What the task requires: How do the records below read from their first line through the line containing "哭泣的女孩 哭 女孩 哭泣 可怜 怜爱 儿童幼儿 人物图库"? Write those lines out exactly.

===============

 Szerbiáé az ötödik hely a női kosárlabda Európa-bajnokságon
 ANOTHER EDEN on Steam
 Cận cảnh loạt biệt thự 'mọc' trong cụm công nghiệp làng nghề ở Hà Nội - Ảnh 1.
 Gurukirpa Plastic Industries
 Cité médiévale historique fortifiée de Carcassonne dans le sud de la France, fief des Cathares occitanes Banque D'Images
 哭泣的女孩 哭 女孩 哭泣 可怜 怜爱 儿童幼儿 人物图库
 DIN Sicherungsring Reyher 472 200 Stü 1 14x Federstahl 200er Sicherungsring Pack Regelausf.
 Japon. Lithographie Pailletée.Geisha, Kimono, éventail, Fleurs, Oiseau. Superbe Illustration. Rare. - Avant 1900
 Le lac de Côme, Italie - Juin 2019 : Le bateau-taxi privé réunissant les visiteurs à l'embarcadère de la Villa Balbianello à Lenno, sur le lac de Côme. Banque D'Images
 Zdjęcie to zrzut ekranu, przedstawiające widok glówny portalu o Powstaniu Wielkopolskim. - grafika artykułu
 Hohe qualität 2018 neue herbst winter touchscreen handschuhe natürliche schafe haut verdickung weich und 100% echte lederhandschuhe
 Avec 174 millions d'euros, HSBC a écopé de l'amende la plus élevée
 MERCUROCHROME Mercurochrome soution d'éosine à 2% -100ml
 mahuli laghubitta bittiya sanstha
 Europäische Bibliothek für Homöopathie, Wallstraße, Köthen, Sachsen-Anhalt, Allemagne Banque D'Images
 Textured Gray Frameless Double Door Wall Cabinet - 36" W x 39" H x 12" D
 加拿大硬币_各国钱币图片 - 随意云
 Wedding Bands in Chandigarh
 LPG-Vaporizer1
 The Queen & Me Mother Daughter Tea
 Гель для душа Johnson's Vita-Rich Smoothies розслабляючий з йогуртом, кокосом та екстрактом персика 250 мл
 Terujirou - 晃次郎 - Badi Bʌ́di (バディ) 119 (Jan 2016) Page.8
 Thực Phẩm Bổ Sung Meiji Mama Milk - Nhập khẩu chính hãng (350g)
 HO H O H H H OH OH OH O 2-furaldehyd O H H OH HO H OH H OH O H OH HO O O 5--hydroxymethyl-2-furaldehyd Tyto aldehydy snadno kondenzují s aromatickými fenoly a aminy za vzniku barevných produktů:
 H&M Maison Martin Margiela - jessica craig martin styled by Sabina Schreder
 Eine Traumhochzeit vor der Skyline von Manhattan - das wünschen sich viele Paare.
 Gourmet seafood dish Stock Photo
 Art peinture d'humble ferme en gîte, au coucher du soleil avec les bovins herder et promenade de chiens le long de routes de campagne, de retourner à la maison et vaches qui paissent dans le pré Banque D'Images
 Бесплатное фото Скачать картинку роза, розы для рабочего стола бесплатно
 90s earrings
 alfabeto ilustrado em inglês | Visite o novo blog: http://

===============

Exercise result:
 Szerbiáé az ötödik hely a női kosárlabda Európa-bajnokságon
 ANOTHER EDEN on Steam
 Cận cảnh loạt biệt thự 'mọc' trong cụm công nghiệp làng nghề ở Hà Nội - Ảnh 1.
 Gurukirpa Plastic Industries
 Cité médiévale historique fortifiée de Carcassonne dans le sud de la France, fief des Cathares occitanes Banque D'Images
 哭泣的女孩 哭 女孩 哭泣 可怜 怜爱 儿童幼儿 人物图库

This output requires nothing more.